Lian Qiao yaşlı bir baba hissiyle okul bahçesinde sinsice yürüdü ve doğruca RenDong’un sınıfına yöneldi. İkinci sınıf okul binasının birinci katındaydı ve bölge sınıfı koridorun sonundaydı. Şu anda her sınıfta ders veren genç öğretmenler vardı, pencereler açıktı ve koridorlar boştu.


Lian Qiao eğildi ve sınıfların önünden hızlıca yürüdü.

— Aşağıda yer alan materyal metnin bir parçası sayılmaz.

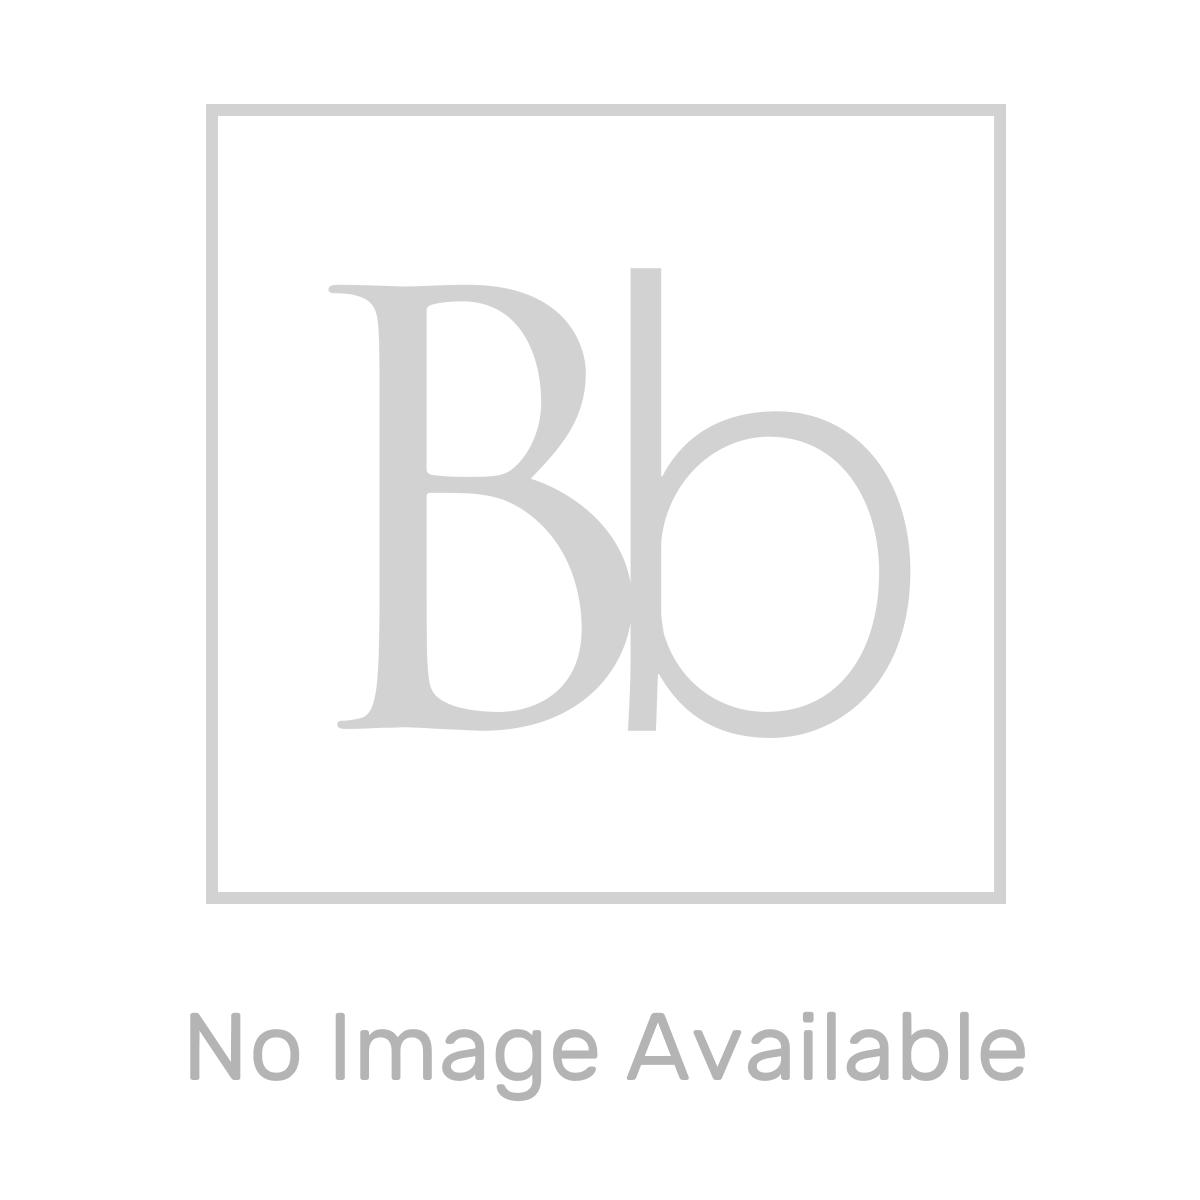 HiB Vortex Large Landscape LED Back-Lit Bathroom Mirror

Kalbi heyecanla göğsünden fırlayacakmış gibi atıyordu.


Neredeyse orada, neredeyse orada! Onu yakında göreceğim!


Lian Qiao heyecandan yüzünde sapkın bir gülümsemenin belirmesine engel olamadı. Şu anda okul müdürü oradan geçse kesinlikle polisi arar ve onu sapık bir sübyancı olarak tutuklatırdı.


Neyse ki yıllardır oynadığı takip oyunları boşuna değildi. Lian Qiao bölge sınıfın girişine kolayca varmıştı, kulakları hâlâ kendi atan kalbinin sesiyle yankılanıyordu ki, keskin ve sert bir azarlama kulak zarlarını çelik bir iğne gibi deldi.


"Yine mi ödevini yapmadın? Xu RenDong, hâlâ çalışmak istiyor musun, istemiyor musun?!"


Lian Qiao'nun vücudu sanki kendi kulakları çekilmiş gibi titredi.


Parmak ucunda pencere pervazının altına girdi ve sessizce içeri baktı. Sınıfta düzinelerce öğrenci vardı; hepsi de dimdik oturuyor, küçük elleri küçük sıralarının üzerinde dürüstçe duruyordu, gözlerini kırpmadan kürsüye bakıyorlardı.


Garip bir şekilde, çocukların hiçbirinin yüzünde herhangi bir mimik yoktu.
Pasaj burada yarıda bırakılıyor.